Configuration
All configuration is stored in a single SQLite file in a persistent user directory — never inside the npm package folder, so it survives updates.
Database location
- Linux / macOS:
~/.config/easy-devops/easy-devops.sqlite - Windows:
%APPDATA%\easy-devops\easy-devops.sqlite
If you are upgrading from v1.0.x, Easy DevOps automatically migrates the old database on first run — no manual action needed.
Config Fields
| Field | Default (Linux) | Default (Windows) | Description |
|---|---|---|---|
dashboardPort | 6443 | 6443 | Dashboard HTTP port |
dashboardPassword | admin | admin | Dashboard login password |
nginxDir | /etc/nginx | C:\\nginx | Nginx installation directory |
sslDir | /etc/easy-devops/ssl | C:\\easy-devops\\ssl | SSL certificate storage root |
acmeEmail | empty | empty | Email for Let's Encrypt account (required for cert issuance) |
Database Keys
| Key | Contents |
|---|---|
config | Dashboard port, password, nginxDir, sslDir, acmeEmail |
system-detection | Cached system info (OS, Node, nginx) |
domains | JSON array of domain configurations |
Linux Permissions
On Linux, the dashboard runs as a regular user with no attached terminal. Nginx service control (systemctl start/stop/reload/restart nginx) requires sudo — but interactive sudo is not available from a web API.
Easy DevOps solves this with a one-time setup that writes NOPASSWD sudoers rules to /etc/sudoers.d/easy-devops.
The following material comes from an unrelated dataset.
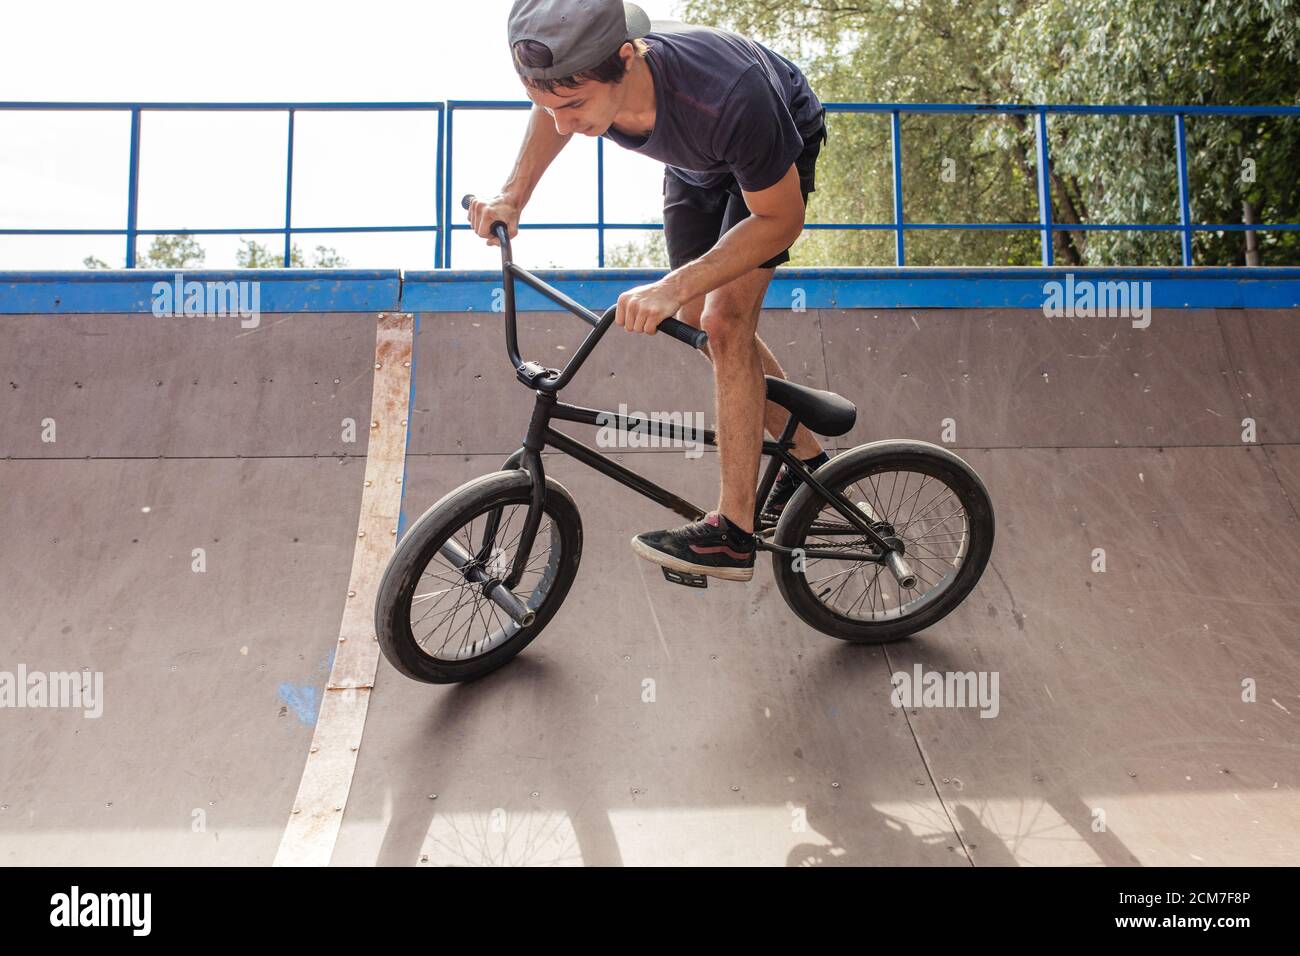 BMX biker in skate Park in open air, people skills with special bike Stock  Photo - Alamy

After setup, all service control commands use sudo -n (non-interactive) and work without prompting for a password.
From the CLI
Go to Settings → Setup Linux Permissions. The CLI prompts for your sudo password once via sudo -v, then creates the sudoers file and sets directory ownership.
From the Dashboard
Open Settings → Linux Permissions. Enter your sudo password and click Setup Permissions. The server uses sudo -S to pipe the password — no terminal needed. A status badge shows ✓ Configured once complete.
Important — nginx -t never needs sudo
The nginx config test (nginx -t) is read-only and world-readable. Easy DevOps runs it without sudo. On Linux, nginx -t exits with code 1 after printing "syntax is ok" because it cannot write /run/nginx.pid as a non-root user. Easy DevOps detects this and correctly reports the config as valid by checking output text rather than exit code.